United States Shadow Senator from the Southwest Territory
- In office March 30, 1796 – August 2, 1796
- Preceded by: Seat established
- Succeeded by: Himself (U.S. Senator from Tennessee)

Member of the Mississippi House of Representatives
- In office 1813–1813

Personal details
- Born: 1748 Amelia County, Virginia, British America
- Died: August 22, 1828 (aged 79–80) Columbus, Mississippi, U.S.
- Party: Democratic-Republican

Military service
- Allegiance: United States
- Branch/service: North Carolina militia
- Years of service: c. 1776
- Battles/wars: American Revolutionary War Battle of Island Flats;

= William Cocke =

American politician (1748–1828)

William Cocke (1748 – August 22, 1828) was an American lawyer, pioneer, and statesman. He has the distinction of having served in the state legislatures of four different states: Virginia, North Carolina, Tennessee, and Mississippi, and was one of the first two United States senators for Tennessee.

==Early life and education==
Cocke was born in Amelia County, Virginia in 1748. He was of English descent. He was the sixth of ten or eleven children of Abraham (c.1695–1760) and Mary (Batte) Cocke.
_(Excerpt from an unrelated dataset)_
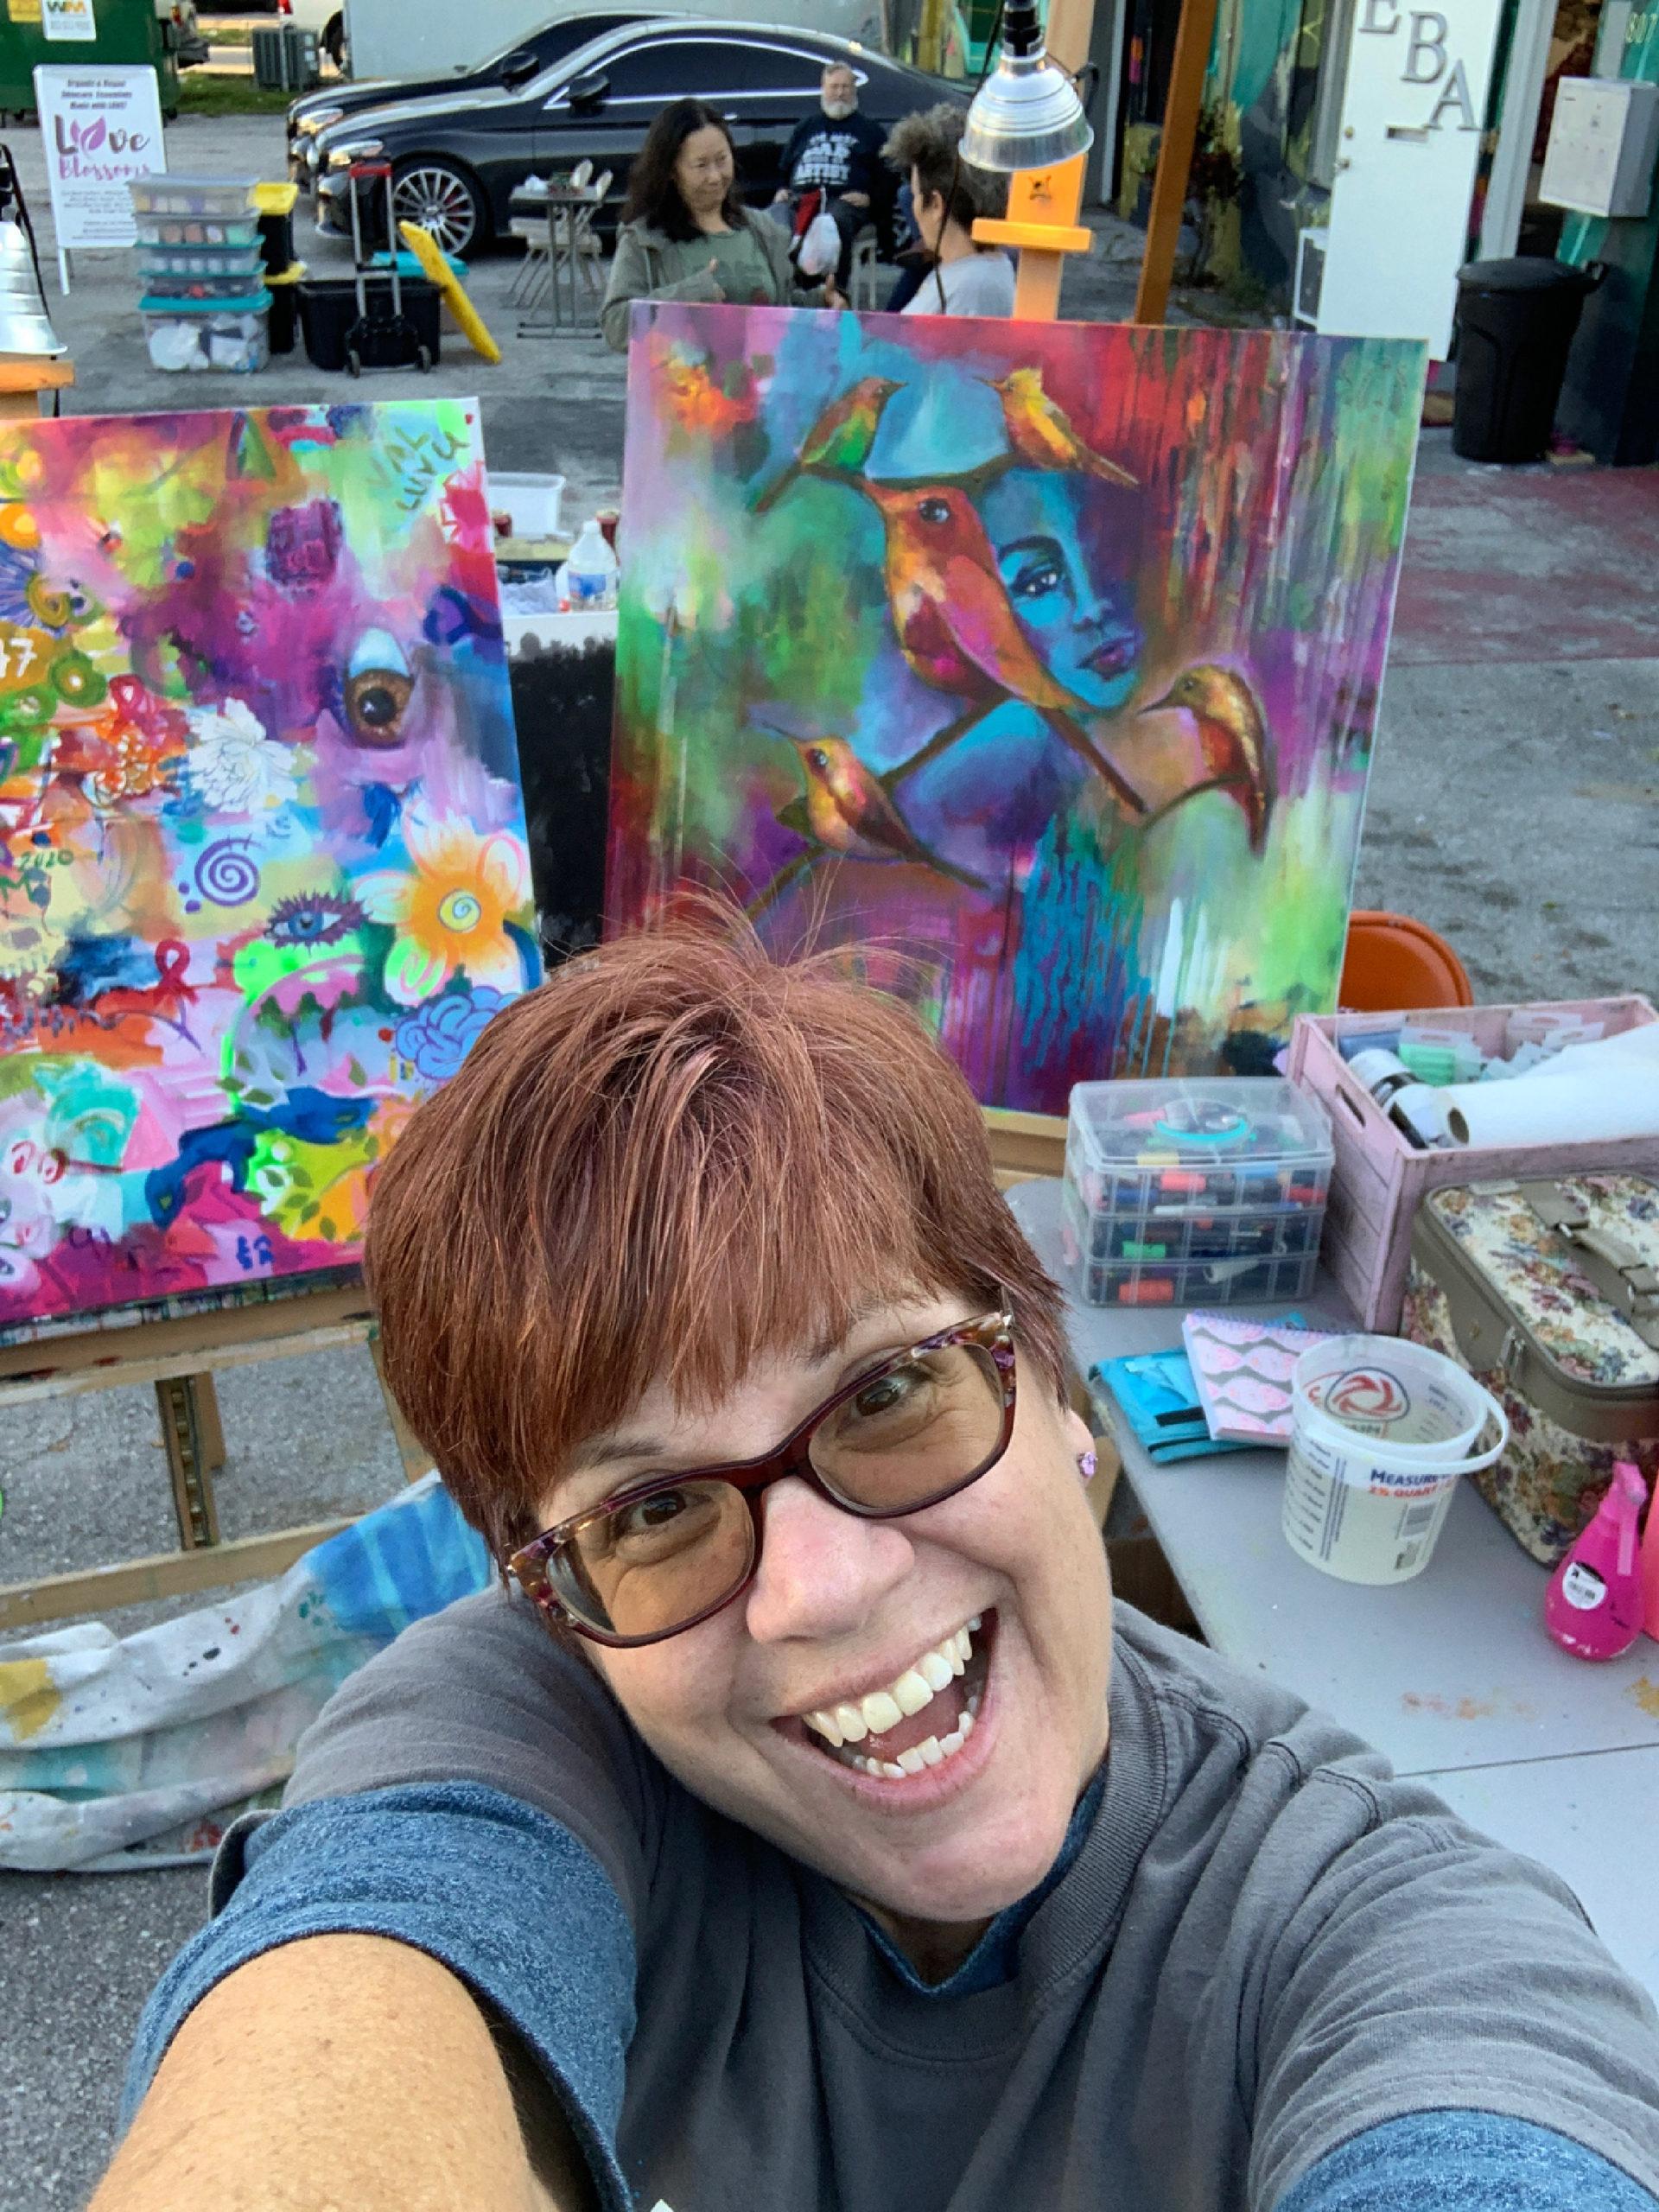 #146 Heather Neiman: South Florida Mixed Media Artist

He was educated at home before reading law, and was admitted to the bar in Virginia. He owned four large plantations in Brunswick County, Virginia, operated with enslaved labor before Cocke moved to Tennessee. He owned slaves.

==Political career==
Cocke was an elected member of the Virginia House of Burgesses. In 1776, as a colonel of militia, he led a company of men into North Carolina's Washington District for action against the Indians. Cocke suffered accusations of cowardice following his actions at the Battle of Island Flats that followed him throughout his life. Later that year, he left Virginia and moved to what was to become Tennessee. During the organization of the State of Franklin, Cocke was elected as the would-be state's delegate to the Congress of the Confederation.
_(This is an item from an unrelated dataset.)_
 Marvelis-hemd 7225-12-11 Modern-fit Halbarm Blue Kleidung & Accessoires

In 1796, Cocke was chosen as a delegate to the convention that wrote the first Tennessee Constitution. The newly formed government selected Cocke to be one of the new state's initial senators, along with William Blount. Cocke and Blount presented their credentials to the United States Senate on May 9, 1796. The Senate, however, refused to seat Cocke and Blount while the debate regarding the admission of Tennessee into the Union was on. When Tennessee was finally admitted on June 1, the issue of Cocke and Blount's seating was again raised. The Federalist Senate held by a narrow margin (11–10) that Cocke and Blount's election was illegal because it had occurred without congressional authorization. The Tennessee legislature duly re-selected Cocke and Blount on August 2.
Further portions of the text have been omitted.